Resenha – Correntes (Olga Tokarczuk)

Já falamos algumas vezes sobre a autora Olga Tokarczuk por aqui. Esse mundo cheio de receios, intenso e quase temeroso de se viver, acaba acompanhando boa parte da sua produção ao longo do tempo. Independente de como a narrativa está sendo explorada, seja em Sobre os Ossos dos Mortos ou A Alma Peridda, a artista nunca deixa seus elementos de fora. E isso, obviamente, estaria acompanhando seu grande trabalho de reflexões. Isso se podemos chamar Correntes, seu livro de fragmentos assim. Na exploração sobre tudo e sobre o nada, talvez seja aqui o local em que Olga mais desenrole todas suas temáticas.

E tem uma explicação bem básica e clara para isso, já que a obra é, na realidade, um compilado de diversos textos. Diferente de outros autores, contudo, aqui Tokarczuk busca eclodir sobre nossa relação com os lugares, o espaço e o tempo. Por isso, são diversos contos e pensamentos sobre viagens, países e cidades – até mesmo pontos pequenos de cada uma. Mas não há uma intenção em querer criar qualquer algo sobre cada uma delas, e sim ir atrás de entender a forma como esses pequenos pontos do mundo estão perante a humanidade em si.

É esse o ponto, aliás, que faz Correntes ser um livro bem mais complexo do que parece, a prióri.

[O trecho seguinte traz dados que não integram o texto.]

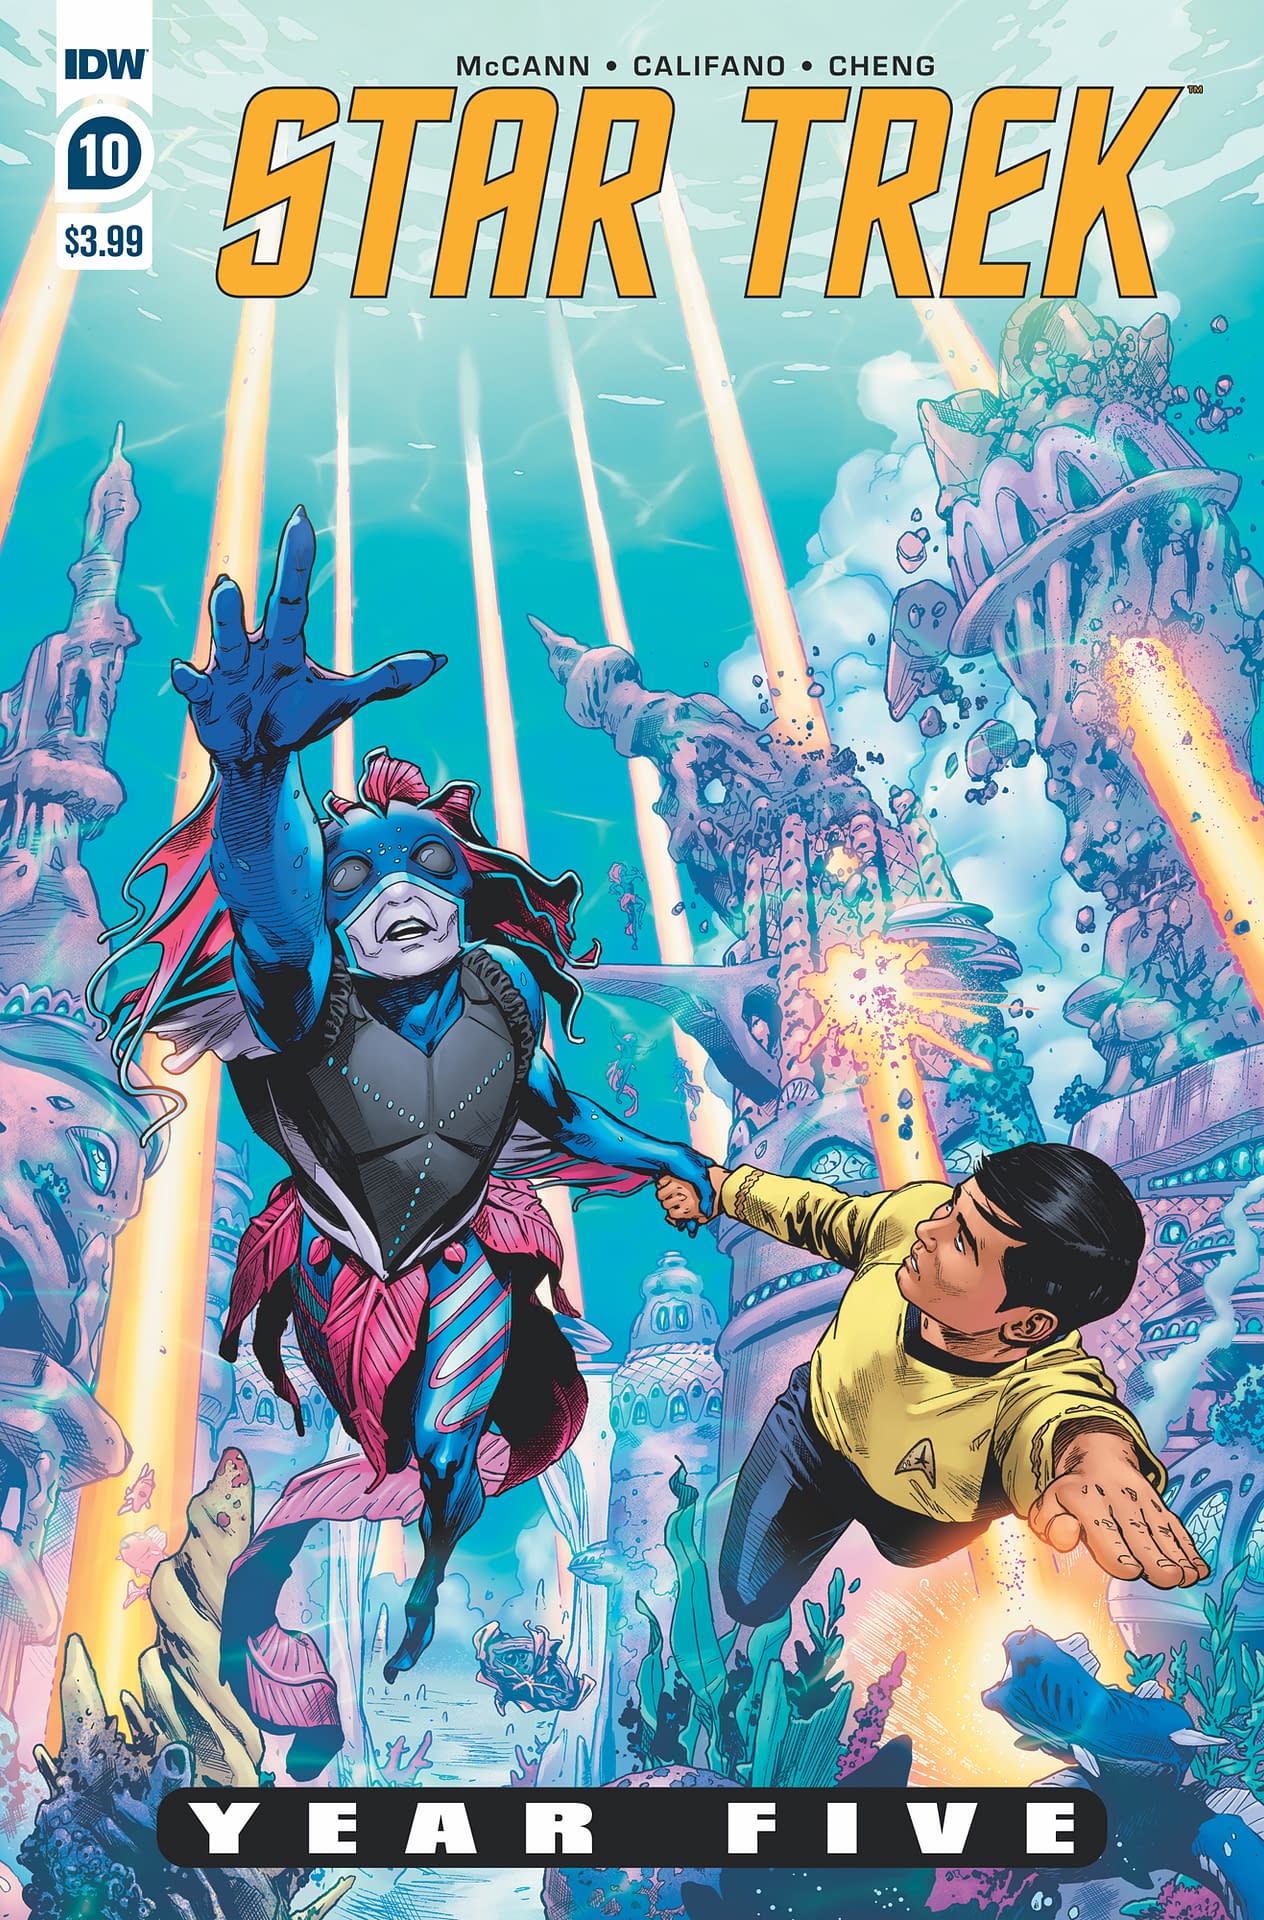 REVIEW: Star Trek Year Five #10 -- "The Plot Kind Of Pushes All The Dishes Off The Table"

A produção parece querer olhar para uma condição mais complexa da existência, como se fosse impossível estarmos pensando e vivendo diferentes vidas em um mesmo momento. Assim, por exemplo, Olga Tokarczuk vai desde uma carta entre reis e súditos até mesmo para falar sobre uma viagem de avião que não deu certo. Isso acaba sendo central para percebemos a forma como a imensidão de possibilidades e existências que o planeta Terra contempla são quase impossíveis para realmente nossa capacidade de viver. É como se não merecessemos pertencer nessa realidade.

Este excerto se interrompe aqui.